Depth Anything 3 – A Visual Spatial Reconstruction Model Developed by ByteDance

What is Depth Anything 3?

Depth Anything 3 (DA3) is a visual spatial reconstruction model developed by ByteDance’s Seed team. It reconstructs 3D geometric structure from visual inputs of arbitrary viewpoints using a unified Transformer architecture. The model introduces a “depth-ray” representation that eliminates the need for complex multi-task training, greatly simplifying model design. Depth Anything 3 surpasses previous mainstream models in both camera pose accuracy and geometric reconstruction performance, while maintaining high inference efficiency. It is suitable for applications in autonomous driving, robot navigation, virtual reality, and more, offering a new and efficient solution for visual spatial reconstruction.

Key Features of Depth Anything 3

Multi-view 3D Spatial Reconstruction

DA3 can reconstruct 3D spatial structure from any number of visual inputs, including single images, multi-view photos, or video streams.

Camera Pose Estimation

The model can accurately estimate camera pose—including position and orientation—even without known camera parameters.

Monocular Depth Estimation

DA3 delivers strong performance in monocular depth estimation, predicting pixel-level depth from a single image to support 3D scene understanding.

Novel View Synthesis

By integrating with 3D Gaussian rendering, the model can generate high-quality images from novel viewpoints, making it suitable for VR/AR view-synthesis tasks.

Efficient Inference and Deployment

Its streamlined architecture enables fast inference with low resource consumption, supporting deployment on mobile and embedded devices.

Technical Principles of Depth Anything 3

Unified Transformer Architecture

DA3 uses a single Transformer model (e.g., DINOv2) as its core architecture. Without complex custom modules, the Transformer’s self-attention mechanism flexibly handles any number of input views and dynamically exchanges cross-view information for efficient global spatial modeling.

Depth-Ray Representation

The model introduces a “depth-ray” representation that predicts a depth map and a ray map to describe the 3D scene. The depth map gives pixel-to-camera distance, while the ray map describes the projection direction of each pixel in 3D space.

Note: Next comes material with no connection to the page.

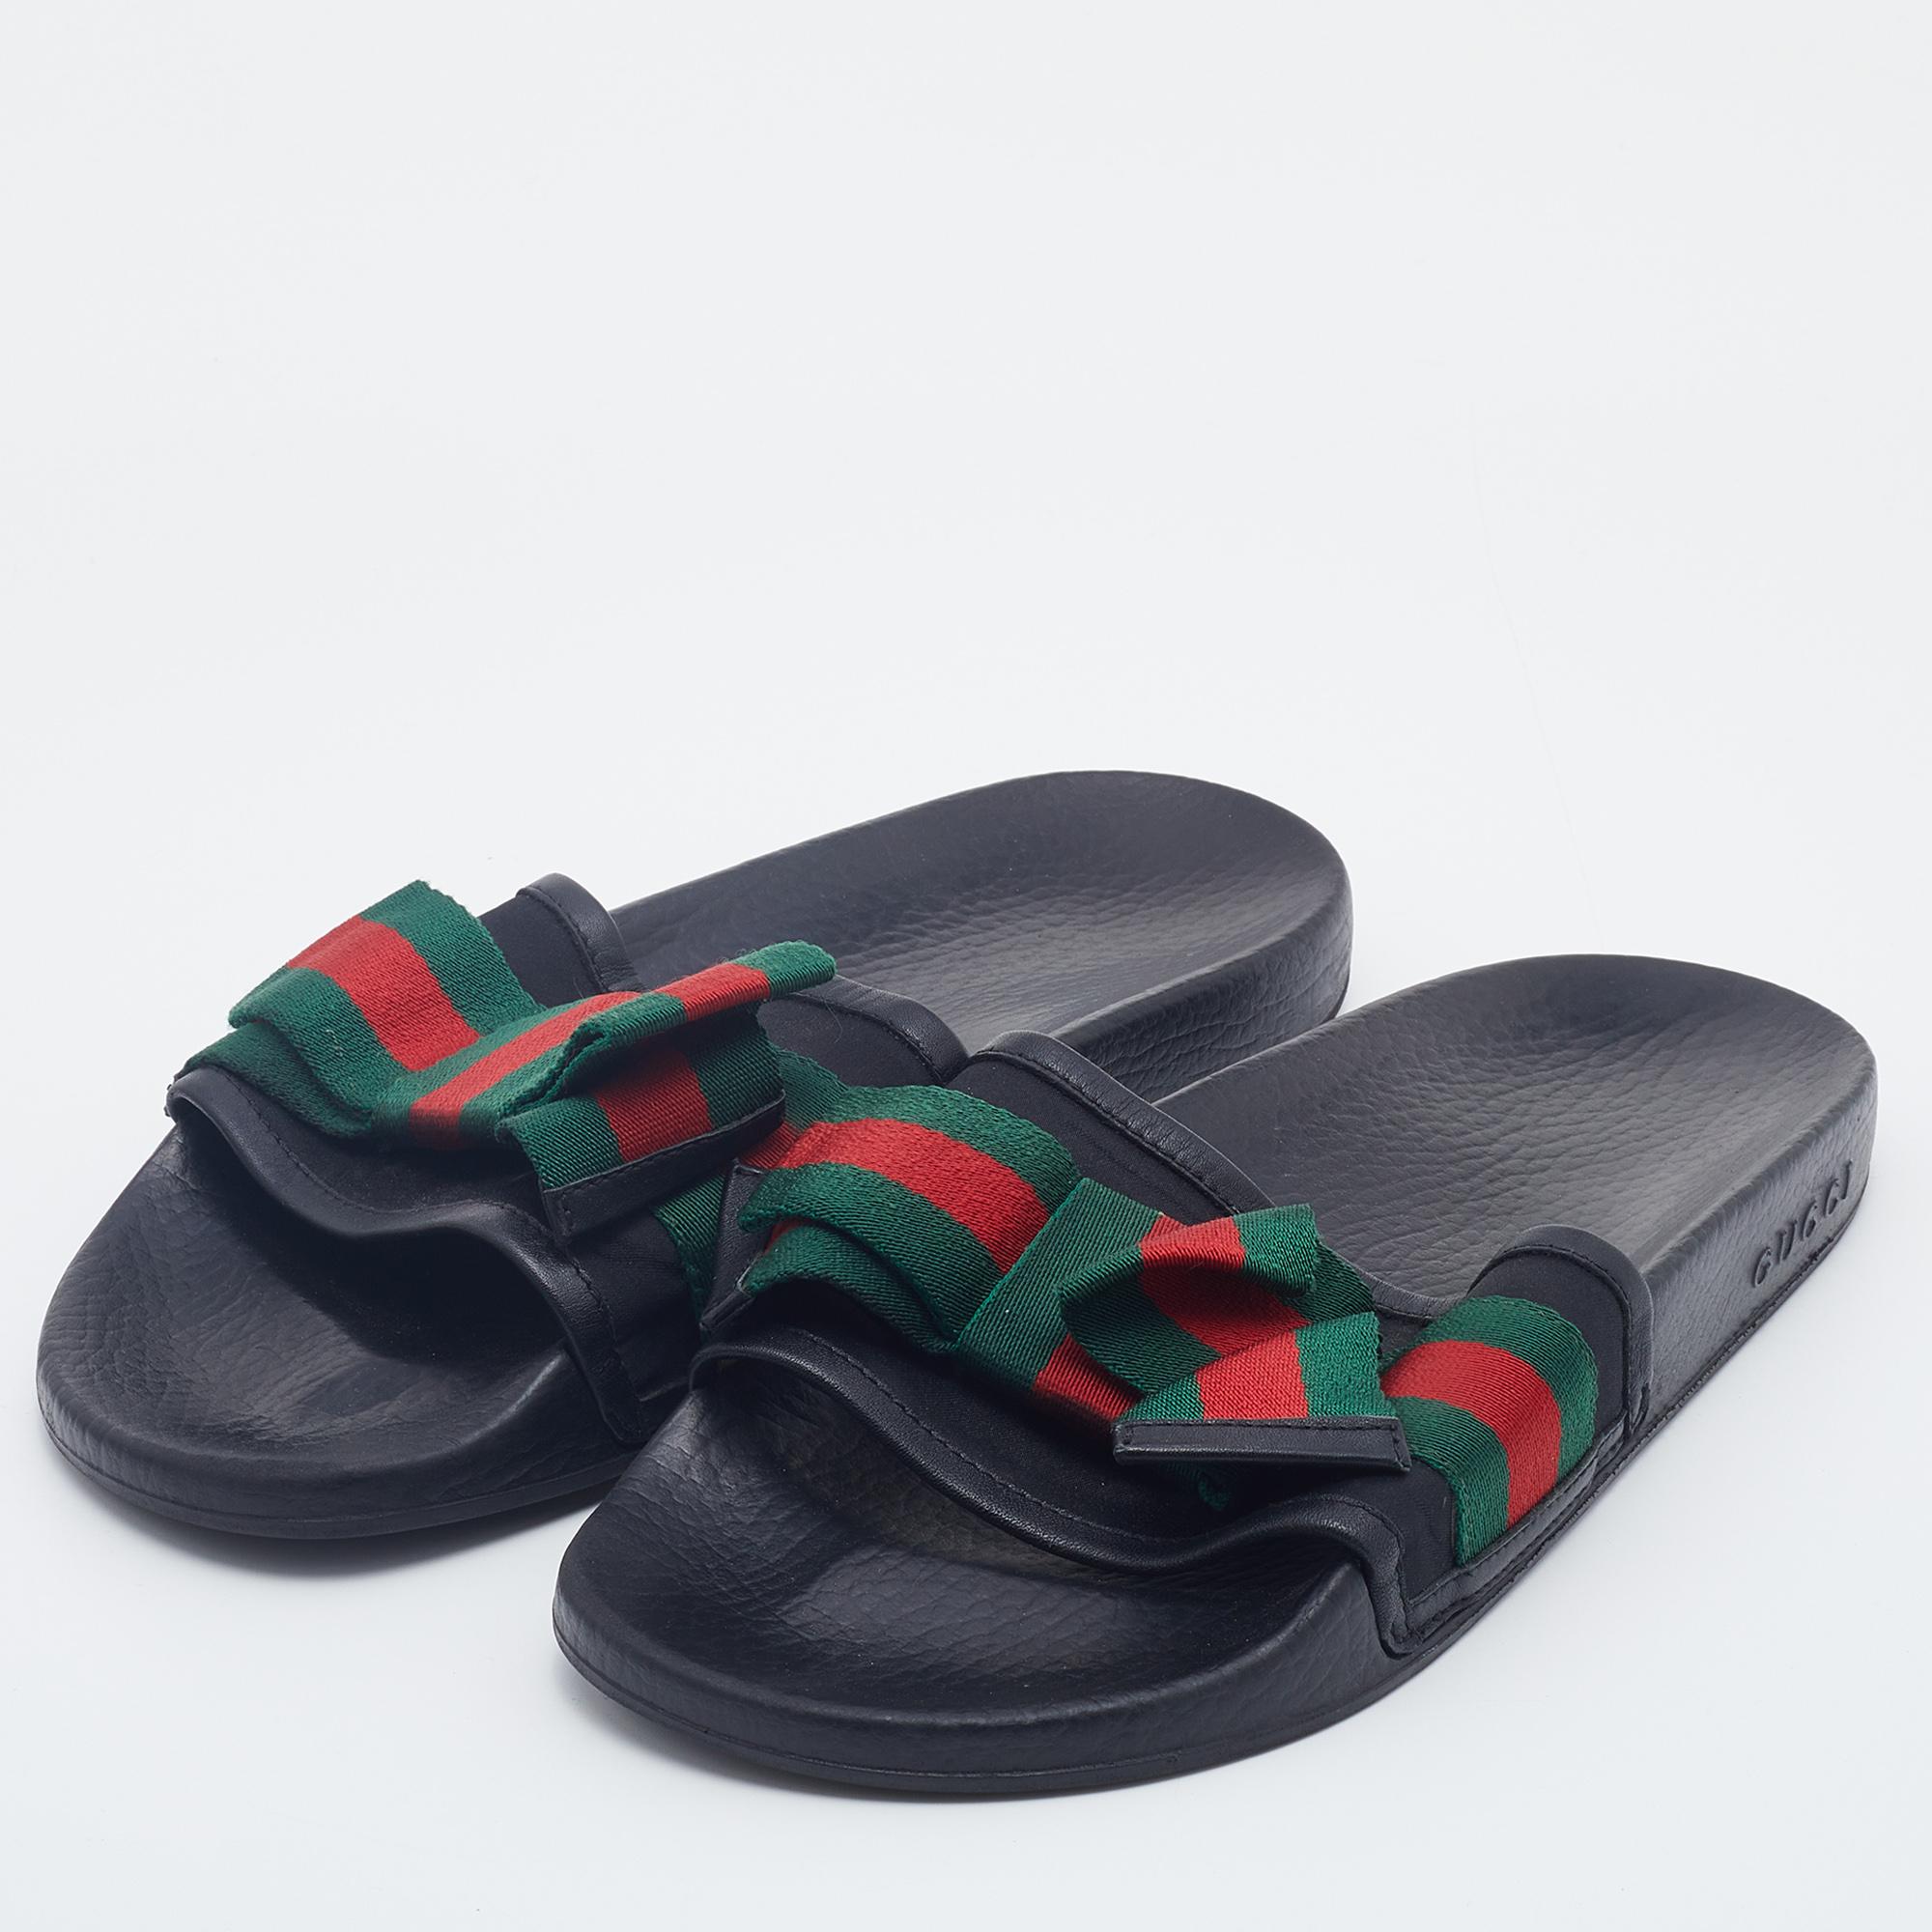 The Web stripe detailed bow on the vamps serve as a standout element of these Gucci sandals. Created from fabric and leather, they display a slip-on fitting, rubber soles, and comfortable insoles.

This representation naturally decouples scene geometry from camera motion, simplifying outputs and improving accuracy and efficiency.

Input-Adaptive Cross-View Attention

DA3 incorporates an input-adaptive cross-view self-attention mechanism that dynamically reorders input view tokens to enable efficient cross-view information exchange. This allows the model to handle a wide range of input configurations, from single-view to multi-view setups.

Dual DPT Heads

To jointly predict depth and ray maps, DA3 employs a dual DPT-head design. The two heads share feature-processing modules and optimize depth and ray outputs independently in the final stage, enhancing interaction and consistency between the two tasks.

Teacher–Student Training Paradigm

DA3 uses a teacher–student training paradigm, where a teacher model trained on synthetic data generates high-quality pseudo-labels to provide better supervision signals for the student model.

Single-Step High-Accuracy Output

DA3 generates accurate depth and ray outputs in one forward pass, without the iterative optimization used in traditional methods. This greatly increases inference speed, simplifies training and deployment, and maintains high precision in 3D reconstruction.

Project Resources

Project Website: https://depth-anything-3.github.io/
GitHub Repository: https://github.com/ByteDance-Seed/depth-anything-3
arXiv Paper: https://arxiv.org/pdf/2511.10647
Online Demo: https://huggingface.co/spaces/depth-anything/depth-anything-3

Application Scenarios of Depth Anything 3

Autonomous Driving

DA3 reconstructs 3D environments from multi-view camera images, helping autonomous vehicles more accurately perceive object positions and distances, improving decision reliability and safety.

Robotic Navigation

By reconstructing real-time 3D structure, DA3 provides robots with precise terrain and obstacle information for efficient navigation and path planning in complex environments.

Virtual Reality (VR) & Augmented Reality (AR)

DA3 can rapidly convert real-world scenes into high-quality 3D models for VR scene reconstruction or AR virtual object integration, enhancing immersion.

Architectural Mapping & Design

DA3 reconstructs detailed 3D point clouds of architectural scenes from multi-angle images, supporting architectural surveying, interior design, and virtual walkthroughs.

Cultural Heritage Preservation

DA3 enables high-fidelity 3D reconstruction of historical buildings and artifacts, supporting digital preservation, restoration research, and virtual exhibition.